According to Turkish authorities, 45% of Syrian refugees are under the age of eighteen, while 38% are under the age of fourteen. Furthermore, approximately 80% are younger than 45 (DGMM, 2020). The 15-18 age group is roughly 250,000 people. Although we cannot consider the members of this age group as adults, mentioning them separately is justified by the fact that the upper age limit for obligatory schooling in Turkey is fourteen years. So, the participation of this age group in education provided by the Turkish government cannot be regarded as compulsory (Hürriyet Daily News, 2019b). The proportion of children aged four or younger is also significant: more than 490,000, so around 13% of the Syrian refugee population has not yet reached the age of five (DGMM, 2020).

Looking at the numbers above, it is clear that we can talk about an extremely young population of Syrian refugees, which, as we will discuss below, poses a significant challenge both for education and other social benefits, as well as in the labour market.

Social and humanitarian challenges

Social challenges have emerged among the Syrian refugee population living outside the camps, mainly due to the rising burden on the Turkish housing and labour market and education system; while it also stems from cultural and linguistic differences and tensions between the Turkish and Syrian populations (Kirişci, 2014; The Economist, 2017; Danış and Nazlı, 2018). The challenge comes obviously from the fact that off-camp refugees do not benefit from the conditions and equipment of camps.

Despite the relevant regulations, access to the labour market is far from straightforward: work permits can only be issued in the province in which the person is enjoying temporary protection and where she/he was registered on arrival to Turkey. Furthermore, in workplaces, Syrians should not exceed 10% of employees (Stock et al., 2016, p. 14; Ineli-Ciger, 2017, p. 561). According to last year’s WFP and Turkish Red Crescent report on the situation of Syrian refugees, by the end of February 2019, a total of 38,289 work permits had been issued to Syrian citizens with temporary protection status and a further 30,000 to Syrians with a permanent residence permit (Turkish Red Crescent and WFP, 2019, p. 6). This data shows that many Syrian refugees work in informal sectors without a contract of employment. In addition to the quota mentioned above, language barriers also constrain the participation in the formal labour market. Moreover, the high unemployment rate of the Turkish population, differences in qualifications, and the tendency for tax evasion by employers further complicate the legal contribution of Syrian workers (Ibid.). Exclusion from the formal labour market and rising costs of living, despite the financial expenditures of international aid organisations and the Turkish government, carry the risk of deep poverty. According to a 3RP report of 2018, 64% of urban Syrian households live below the poverty line, and 18% are in deep poverty (Karlstrom et al., 2018, p. 4).

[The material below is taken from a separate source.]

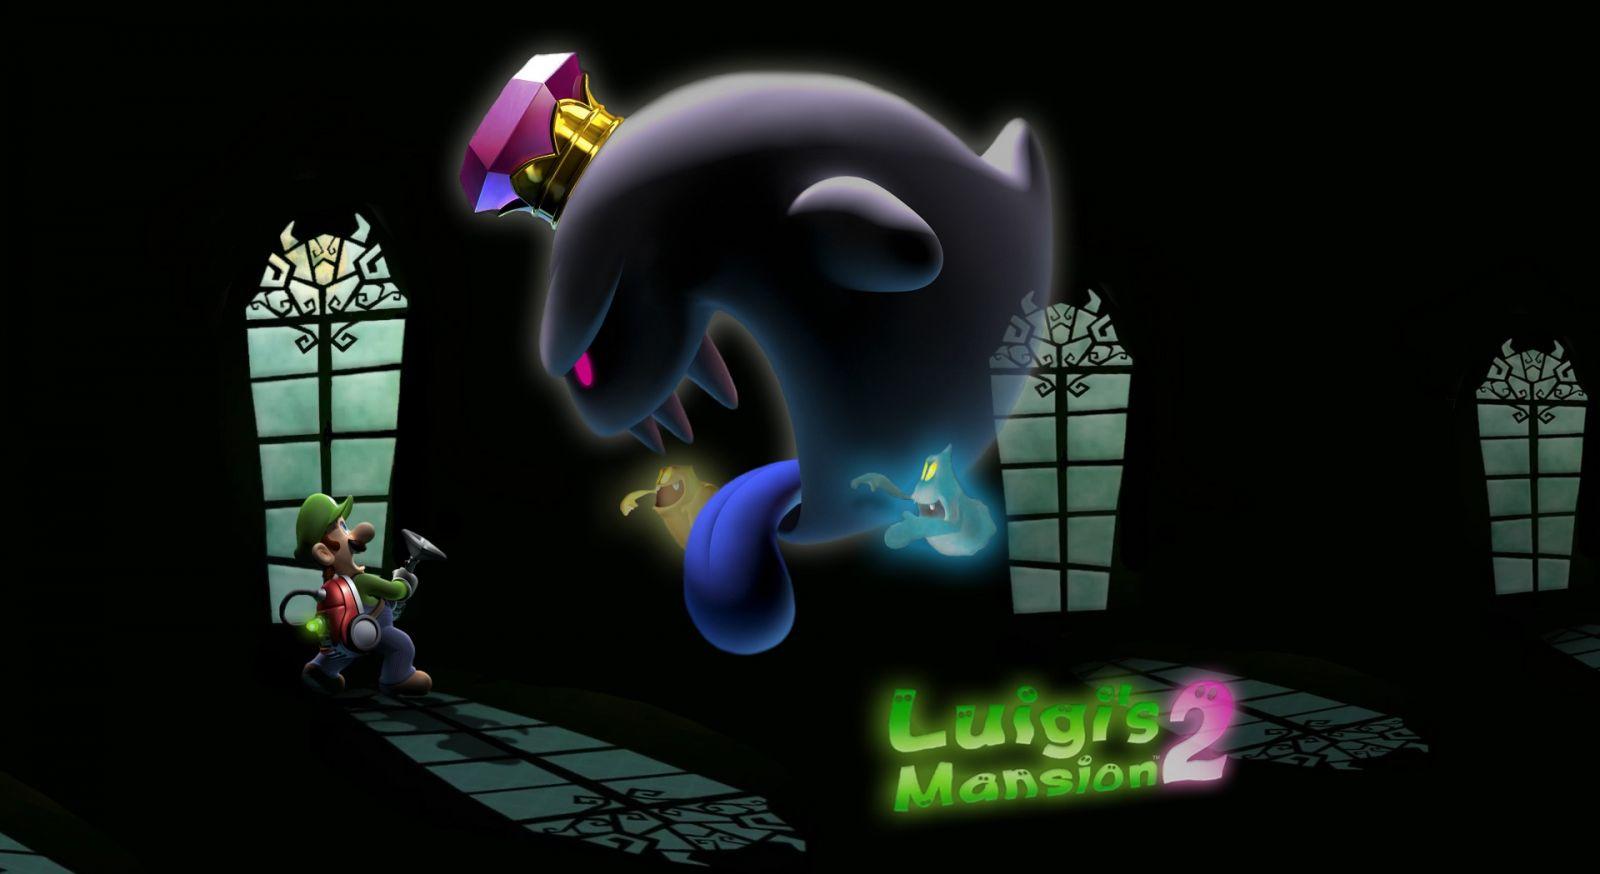 luigi__s_mansion_2___wide_by_alenintendo
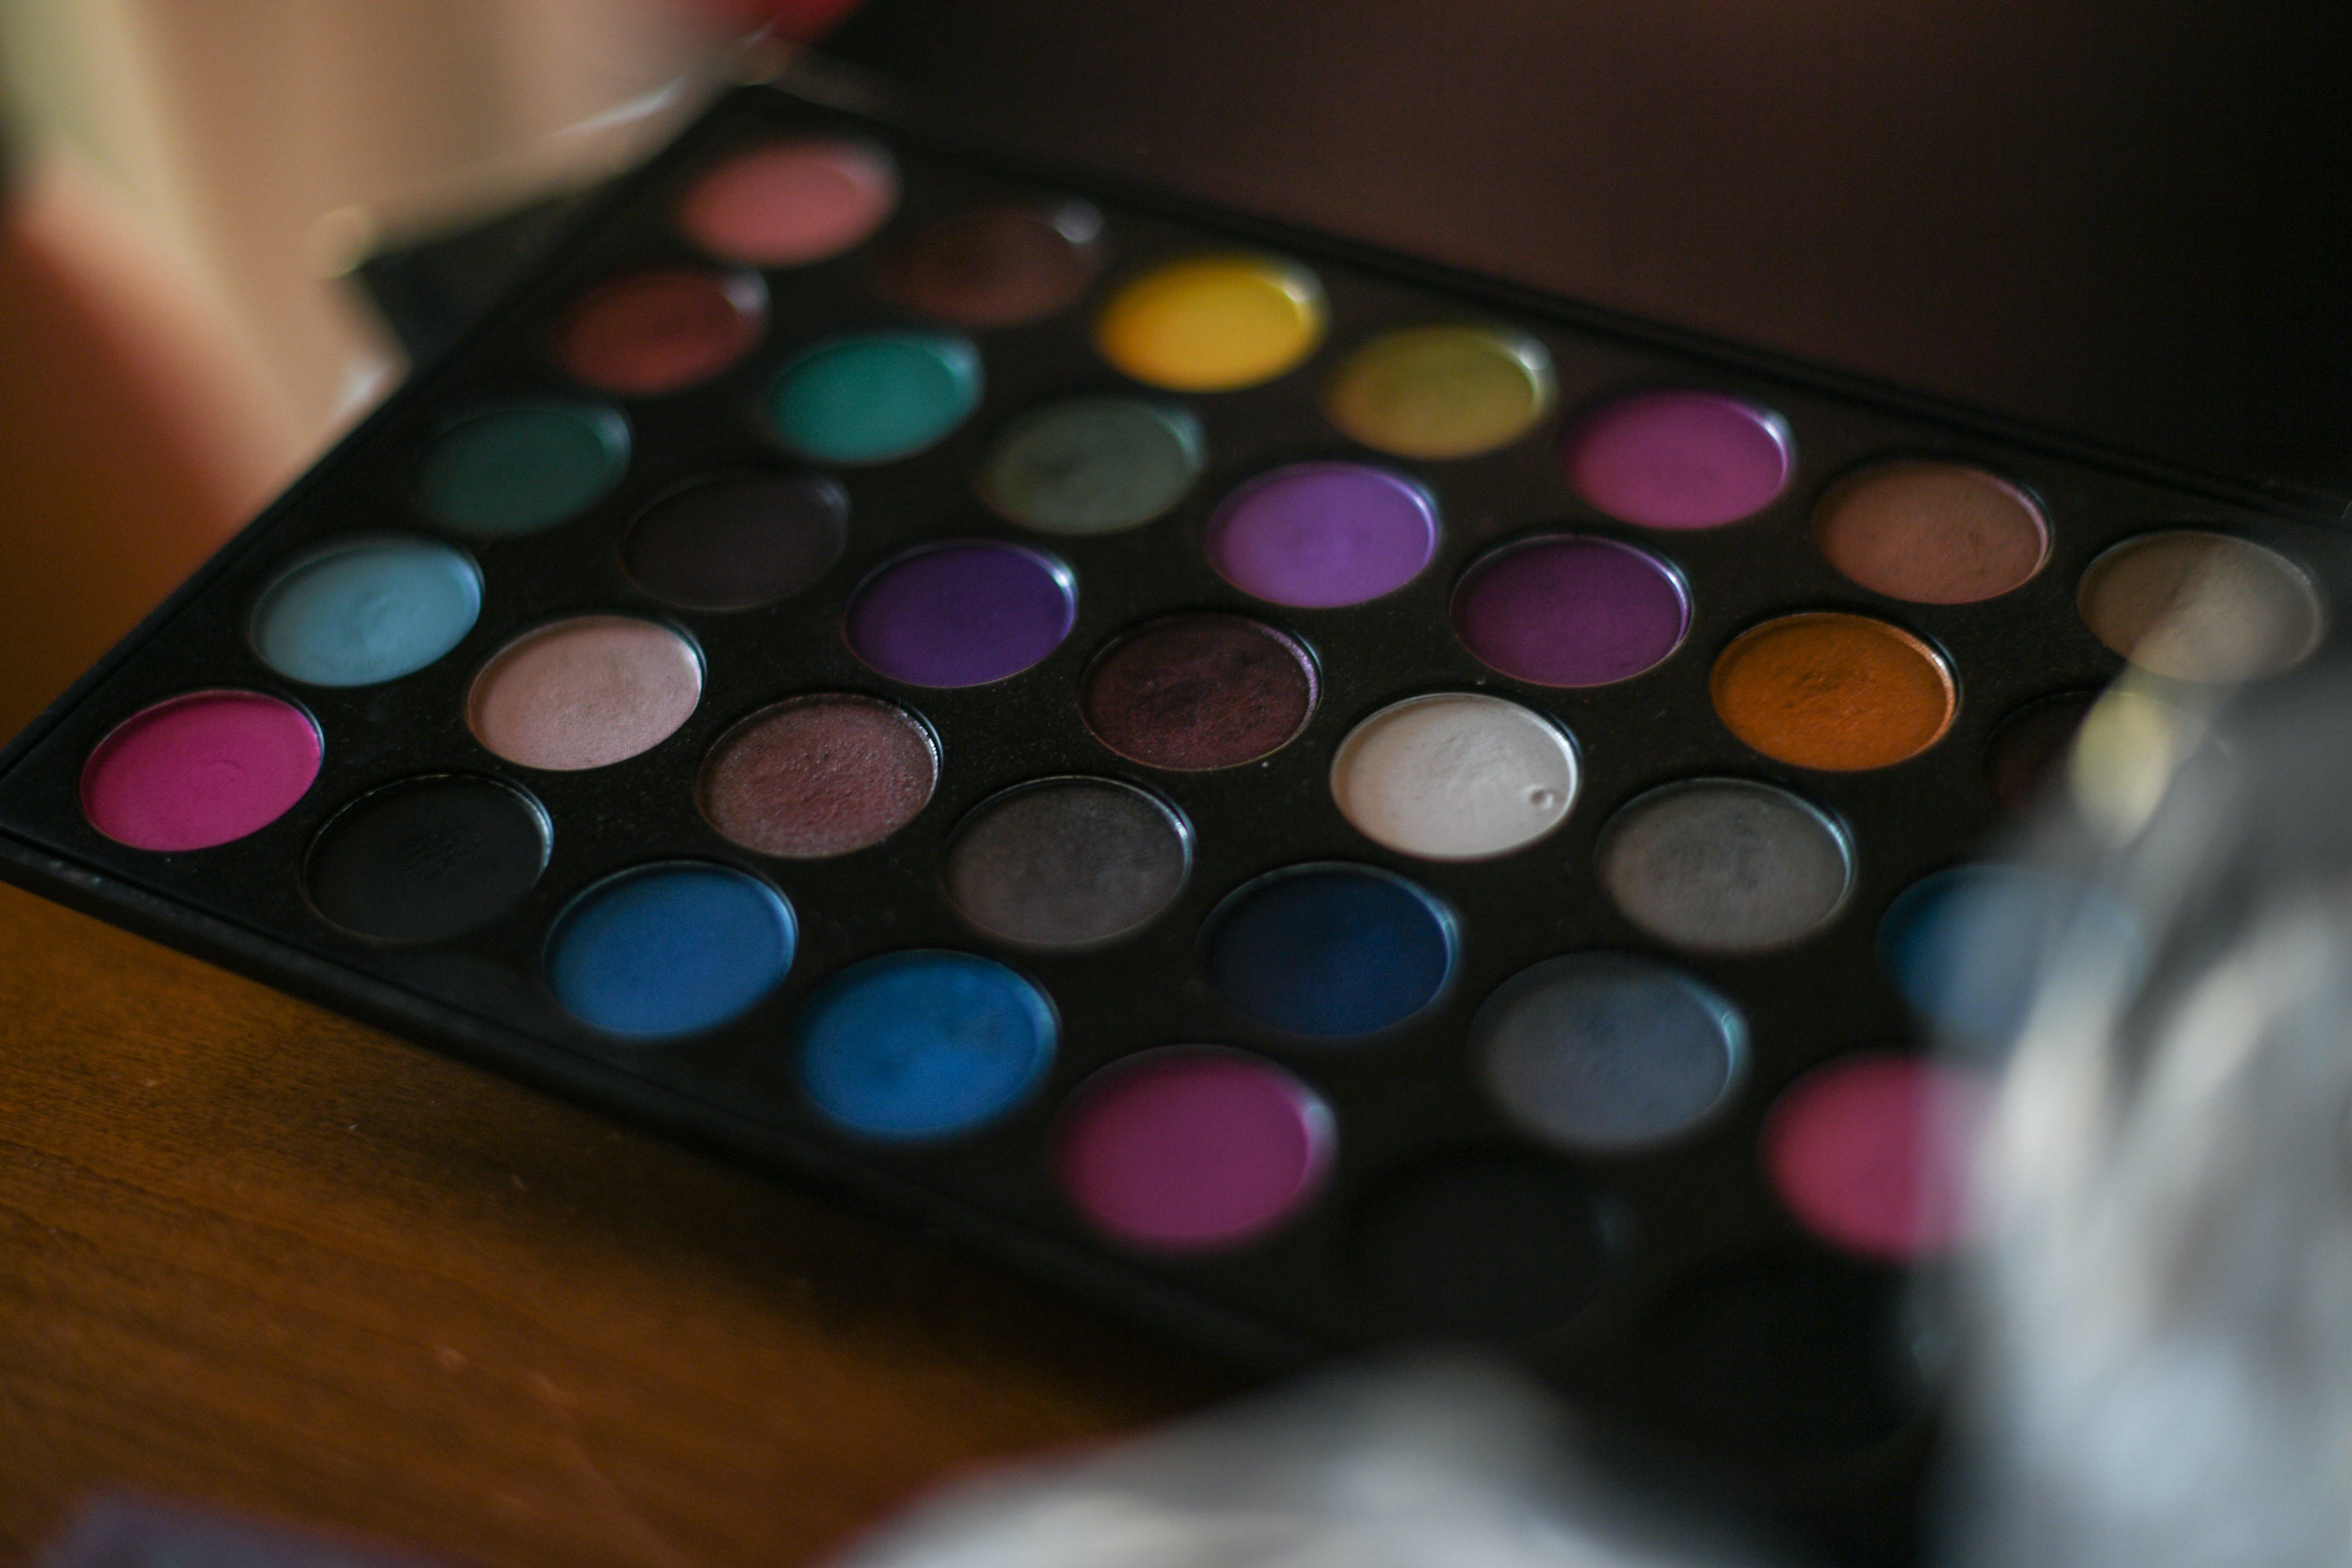 Colorful Make Up Palette

In addition to unemployment and labour market difficulties, education is a crucial pillar of social challenges. As discussed above, a significant proportion of refugees are minors and the off-camp Syrian refugee children are guaranteed participation in Turkish public education, as well as the children living in camps. In addition to participating in Turkish public education, the Turkish government maintains so-called Temporary Education Centres (TECs) where school-aged Syrian refugees can study in their mother tongue (Erdoğan, 2020, p. 35). However, TECs provide education to only approx. 13,000 Syrian schoolchildren (Karasapan and Shah, 2018). It is important to highlight that the Turkish government is phasing the TECs out with the aim of more adequate integration possibilities. While altogether, only 63% of school-age Syrians participate in public education outside of TECs, it is noteworthy that this ratio is, of course, unequally distributed among different age groups. While the enrolment rate in primary schools is close to 90%, only 70% of high school refugees participate in education. (Daily Shabah, 2020; Erdoğan, 2020). Language difficulties, child labour, hard-to-reach educational institutions5, and other burdensome costs of education for families living in deep poverty can be blamed for the school drop-out rate (Khawaja, 2016; Carlier, 2018, p. 7–8).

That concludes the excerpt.